Using Relative Velocities
The following example illustrates how conservation of linear momentum can be used to solve for the motion of a rocket that is accelerating. This example makes use of relative velocities.
A small rocket fully loaded with fuel and oxidizer has a mass of \(500 \ \mathrm{Mg}\), and \(80 \%\) of the total mass is fuel and oxidizer. The rocket is pointed vertically up and is placed on a launching pad on the surface of Earth. After ignition, the mass flow rate of the exhaust from the rocket engine is \(2300 \mathrm{~kg} / \mathrm{s}\) with an exit velocity of \(2100 \mathrm{~m} / \mathrm{s}\) relative to the rocket. Neglecting pressure forces and fluid drag, determine (a) how long after ignition does burnout occur (i.e. the rocket runs out of fuel and oxidizer)? (b) how long after ignition does liftoff occur? and (c) what is the velocity of the rocket at burnout?
Solution
Known: A small rocket takes off from the surface of the earth.
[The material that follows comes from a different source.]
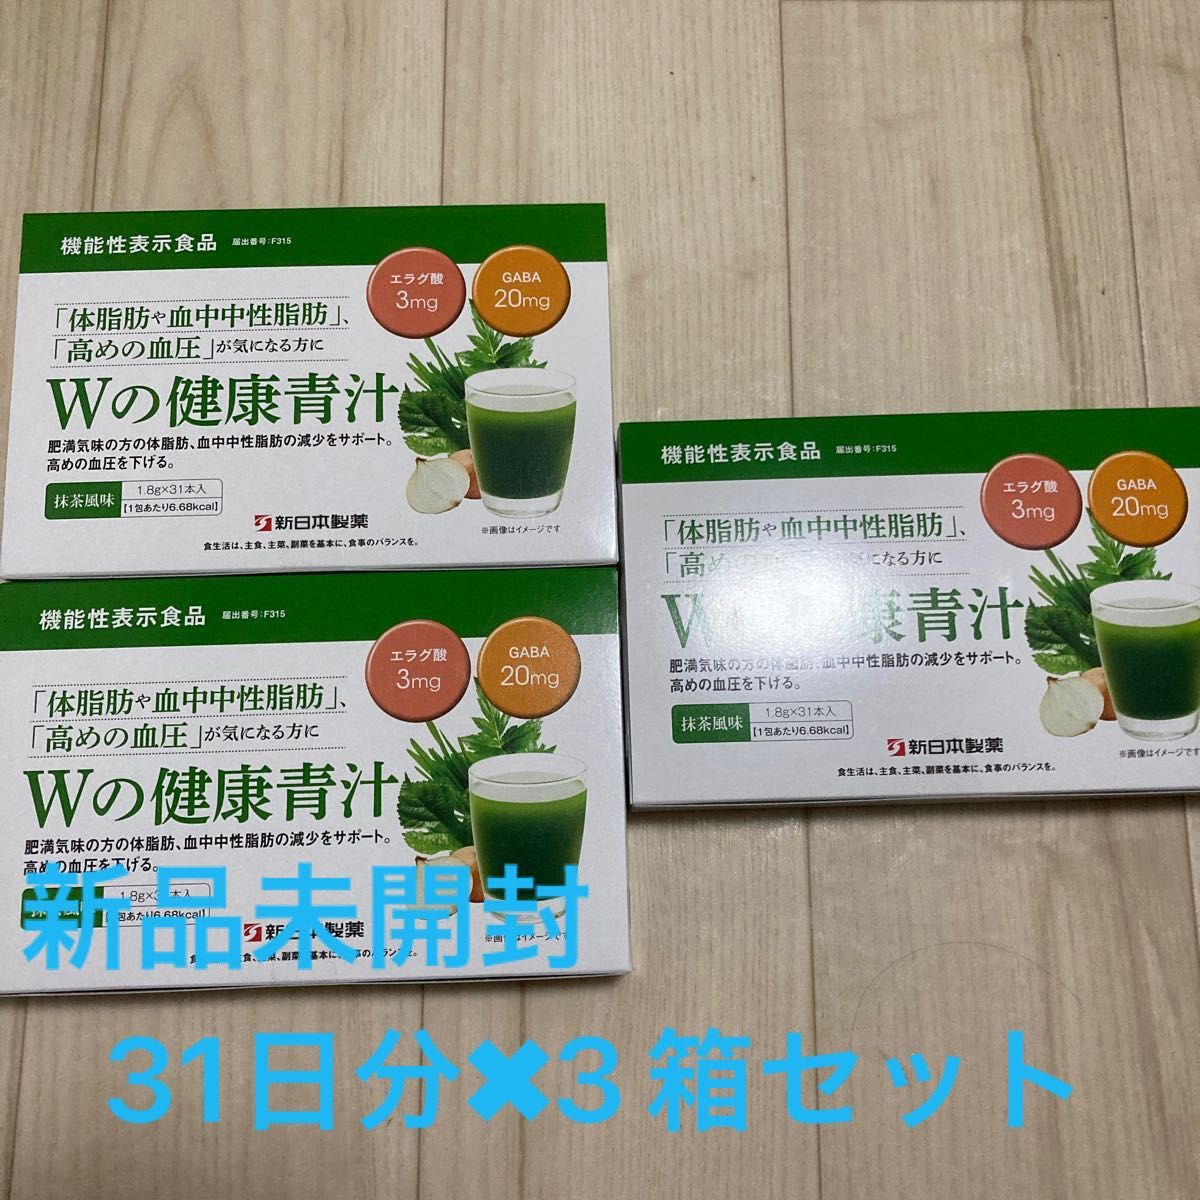 破格値下げ】 新日本製薬 生活習慣サポート Wの健康青汁 31包×2箱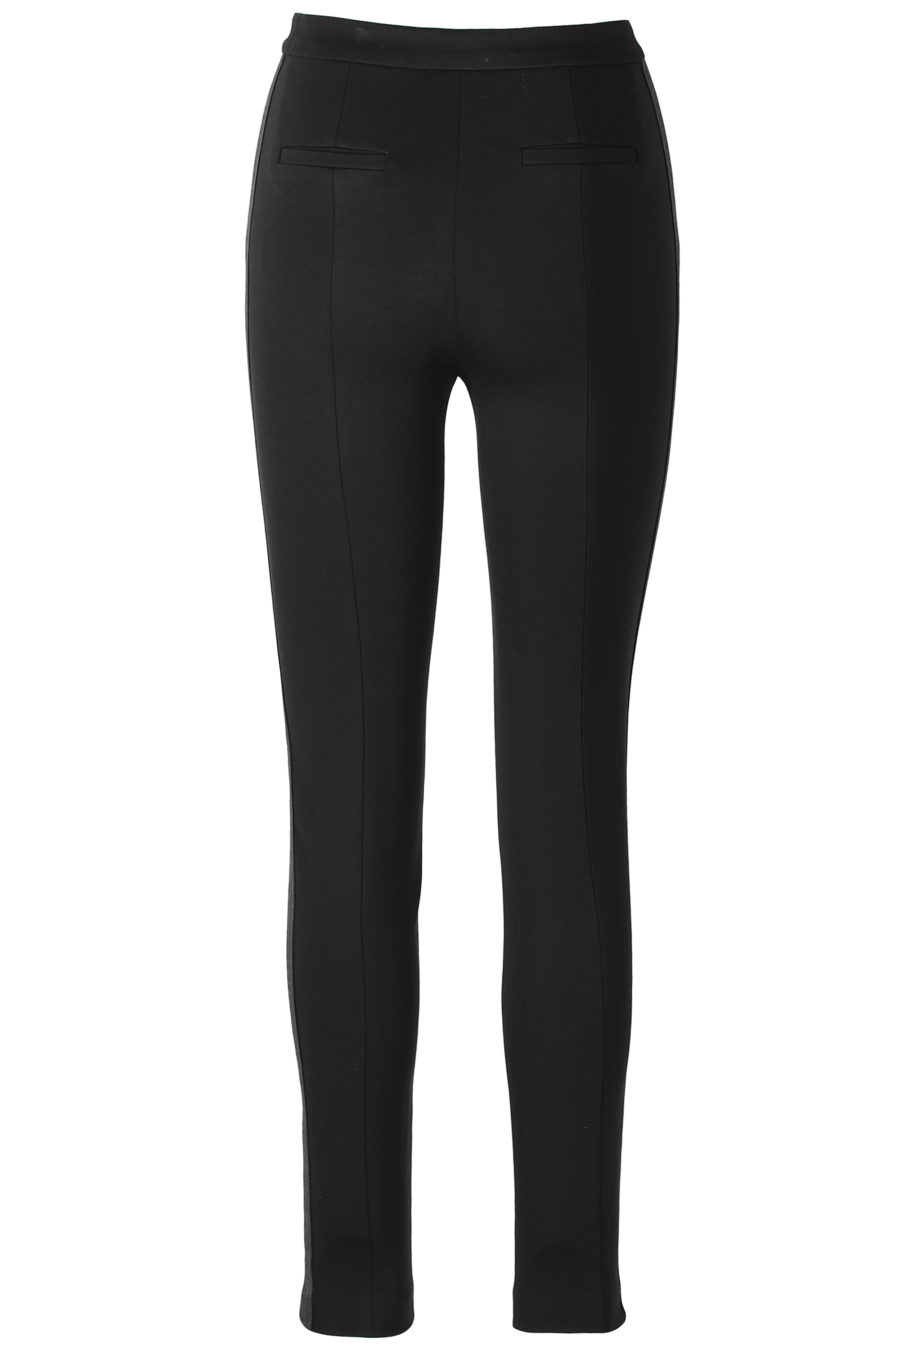 Pantalones negros ajustados con cinta logotipo - IMG 3197

Find: (a) time after ignition until burnout; (b) time after ignition until liftoff; (c) velocity of the rocket at burnout.
Given:
Figure \(\PageIndex{1}\): Given information.
Analysis:
Strategy \(\rightarrow\) Since we are concerned about velocity of an accelerating object and about the time needed to run out of the mass of fuel and oxidizer, let's try using mass and linear momentum.
System \(\rightarrow\) Take an open, non-deforming system which includes the rocket with mass crossing the boundary at the exhaust.
Property to count \(\rightarrow\) As stated above, try mass and linear momentum.
Time interval \(\rightarrow\) Start with rate form and then see what's needed.
Figure \(\PageIndex{2}\): Choice of system and direction of mass flow across boundary.
For the system above, the mass flows out of the bottom of the rocket as indicated by the arrow. To solve part (a), write the conservation of mass for the system; then by integrating with time, we have: \[\begin{align*} \frac{d m_{\text{sys}}}{dt} = -\dot{m}_{e} \quad & \rightarrow \quad \int\limits_{t_{1}}^{t_{2}} \left(\frac{d m_{\text{sys}}}{dt}\right) dt = \int\limits_{t_{1}}^{t_{2}} \left(-\dot{m}_{e}\right) dt \quad \rightarrow \quad m - m_{o} = -\dot{m}_{e} t \\ m = m_{o} - \dot{m}_{e} t \quad & \rightarrow \quad m=(500,000 \mathrm{~kg}) - \left( 2300 \ \frac{\mathrm{kg}}{\mathrm{s}}\right) t \end{align*} \nonumber \]
Notice that the mass flow rate is calculated with respect to the rocket exhaust. At burnout, the mass of the system equals just the mass of the empty rocket: \[t_{\text {burnout}} = \frac{(500,000 \mathrm{~kg} - 100,000 \mathrm{~kg})}{\left(2300 \ \dfrac{\mathrm{kg}}{\mathrm{s}}\right)} = 173.9 \text { seconds } \nonumber \]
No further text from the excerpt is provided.